■ **TASK BRIEF**: All of the data should be reproduced word for word, though its pictures must be omitted.

■ **SUPPLIED MATERIAL**:
+++++
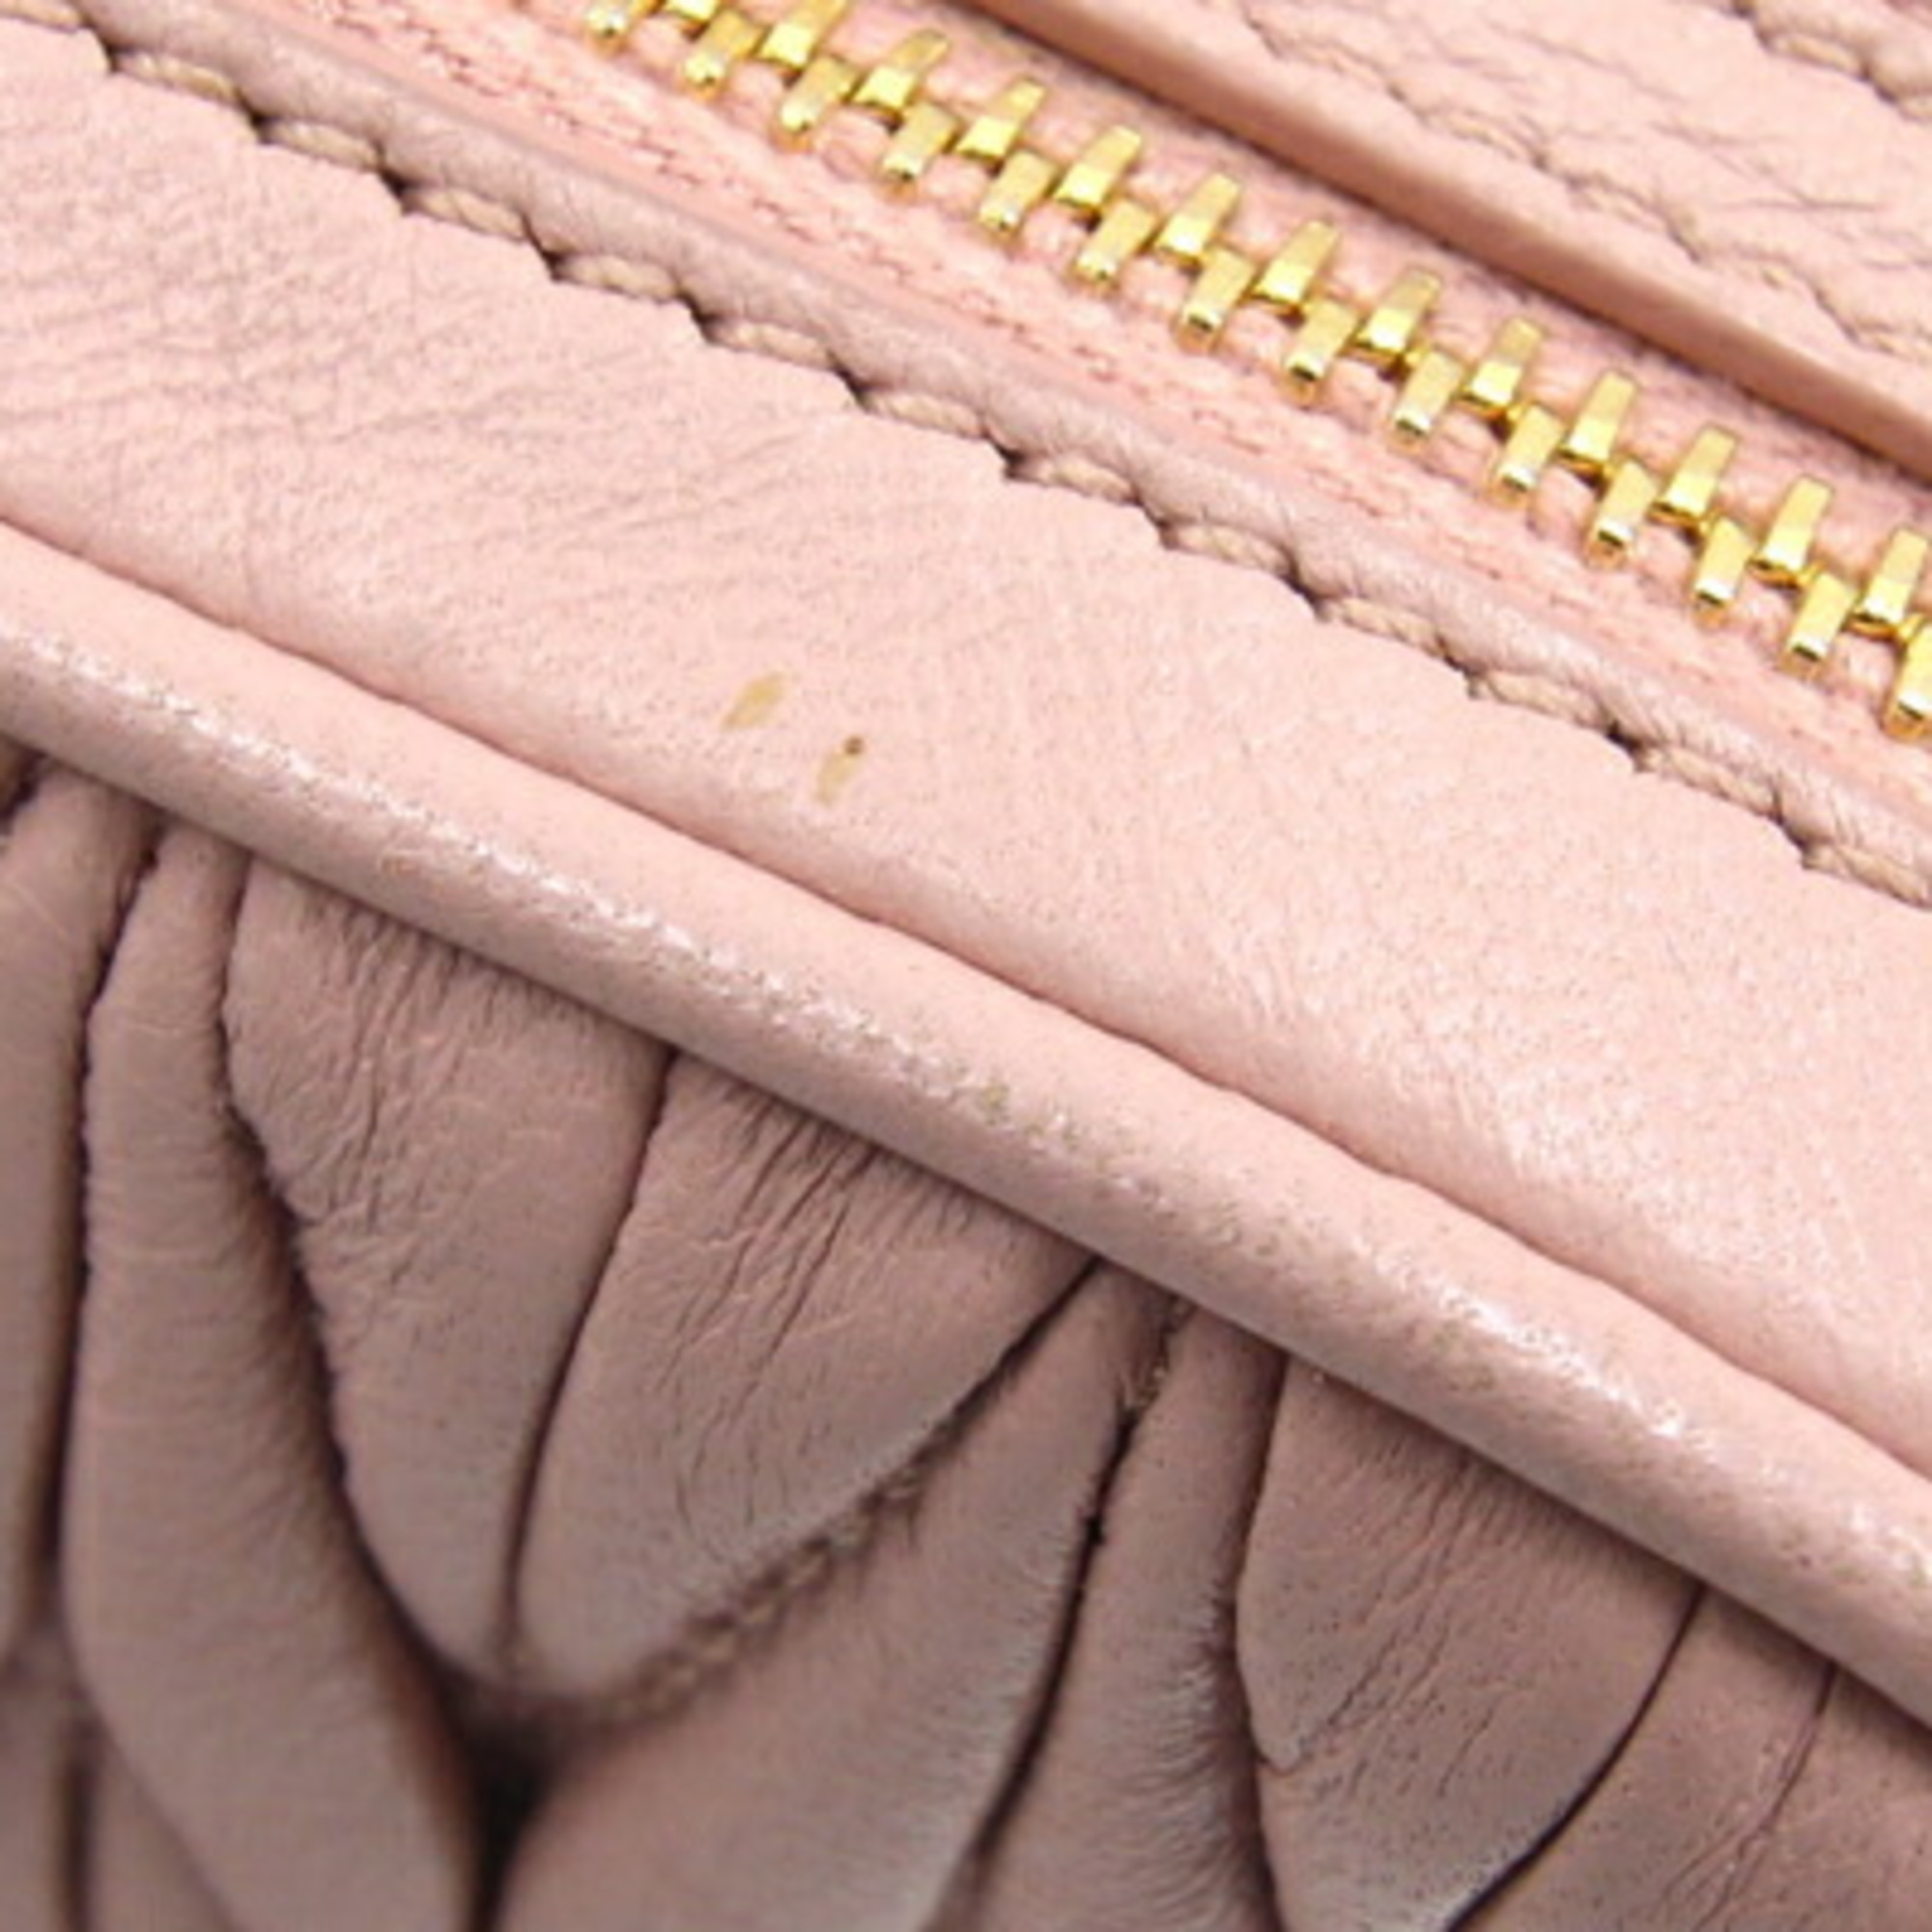 Miu Miu Miu Shoulder Bag Matelasse 5NF011 Pink Leather Pochette Women's MIUMIU
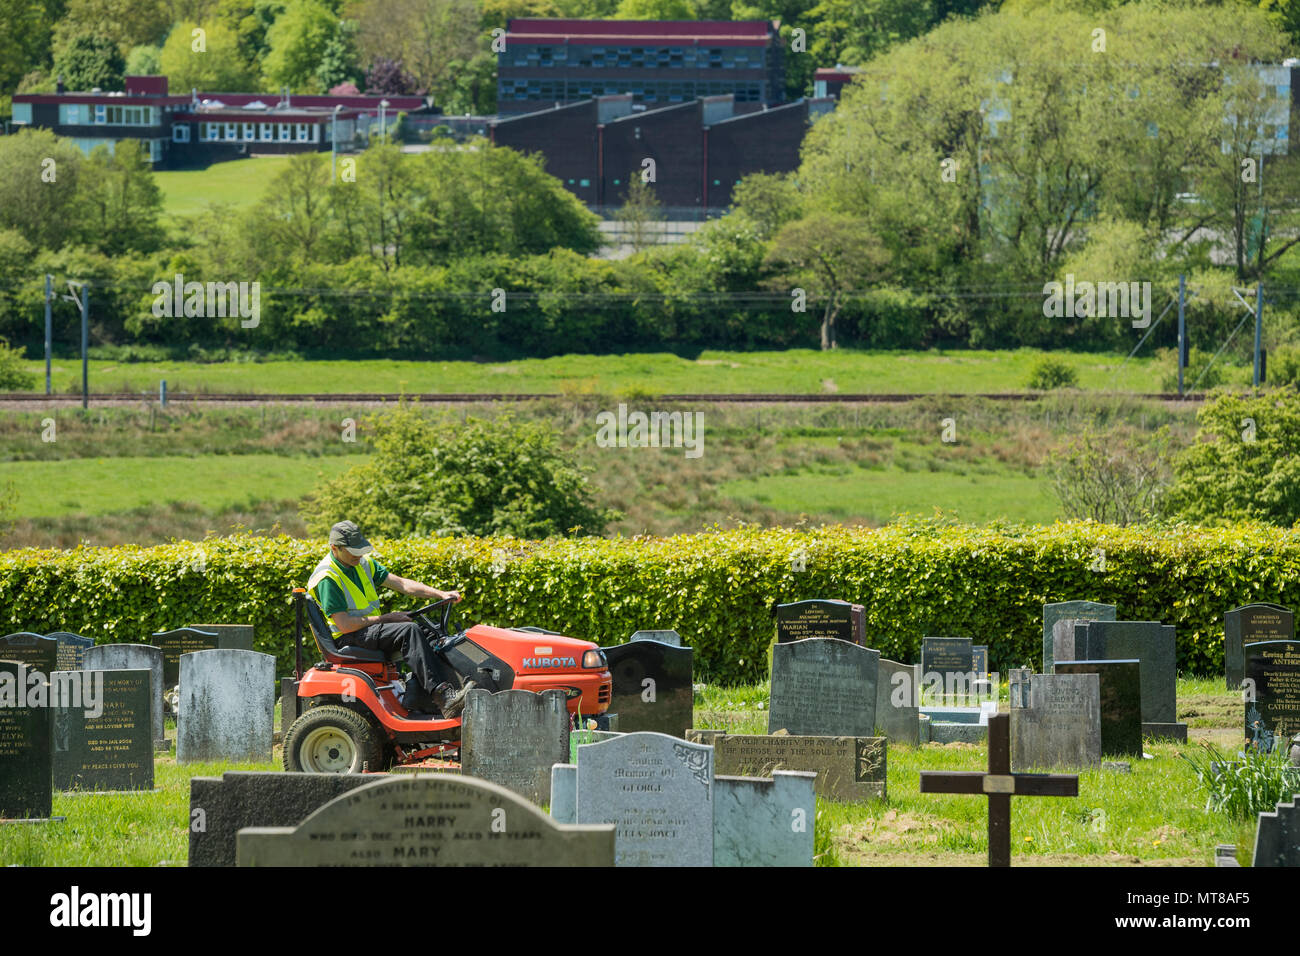 Homme au travail (empoyee de conseil local) siège au tour sur tondeuse et coupe de l'herbe entre les pierres tombales du cimetière - Guiseley, West Yorkshire, Angleterre, Royaume-Uni. Banque D'Images
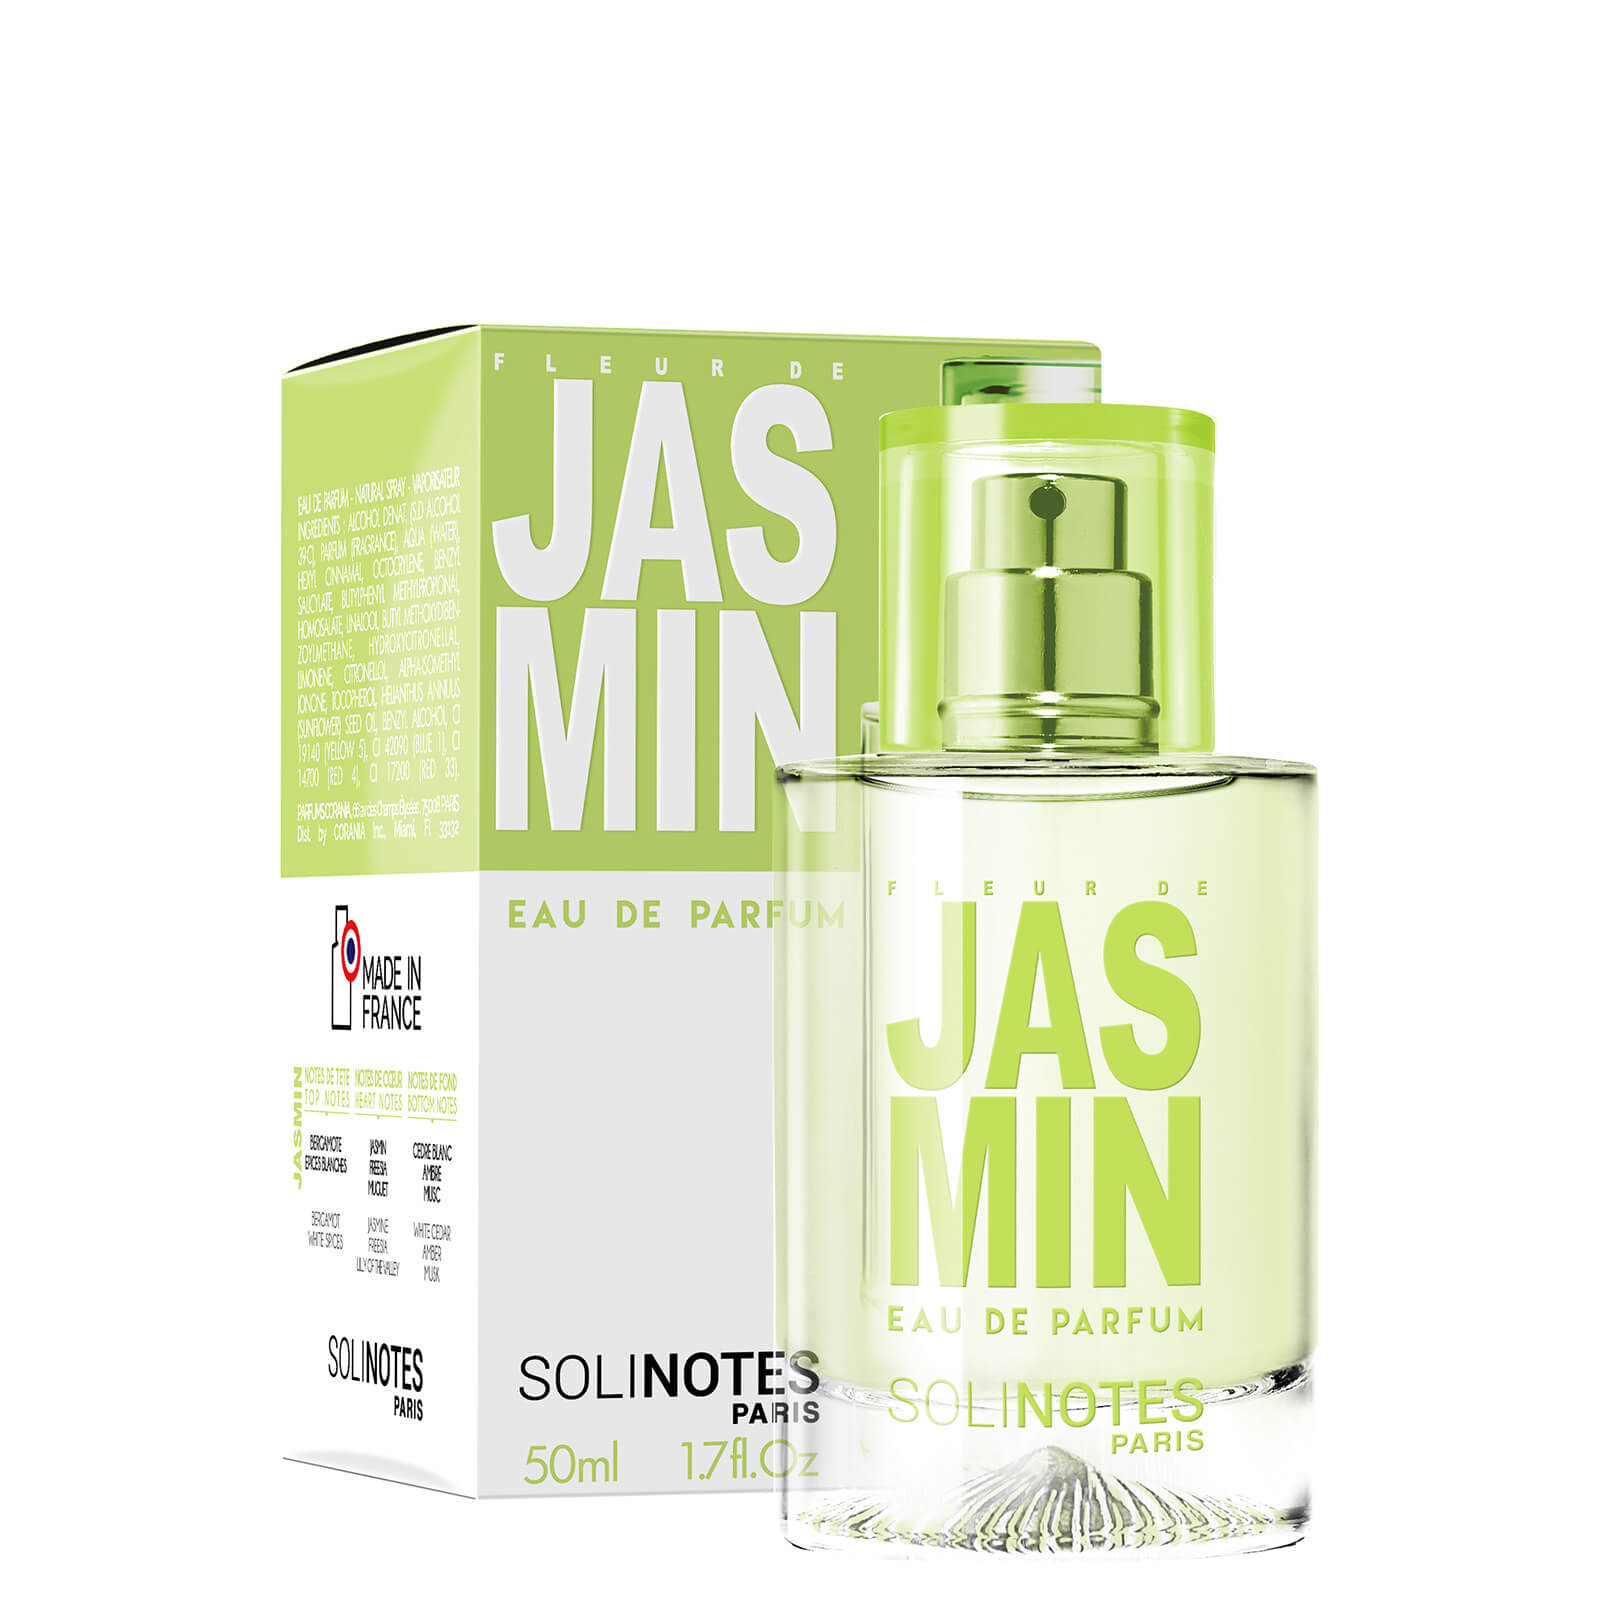 Solinotes Eau De Parfum - Jasmine 1.7 oz
+++++
■ **PROBLEM SOLUTION**:
 Miu Miu Miu Shoulder Bag Matelasse 5NF011 Pink Leather Pochette Women's MIUMIU
 Homme au travail (empoyee de conseil local) siège au tour sur tondeuse et coupe de l'herbe entre les pierres tombales du cimetière - Guiseley, West Yorkshire, Angleterre, Royaume-Uni. Banque D'Images
 Solinotes Eau De Parfum - Jasmine 1.7 oz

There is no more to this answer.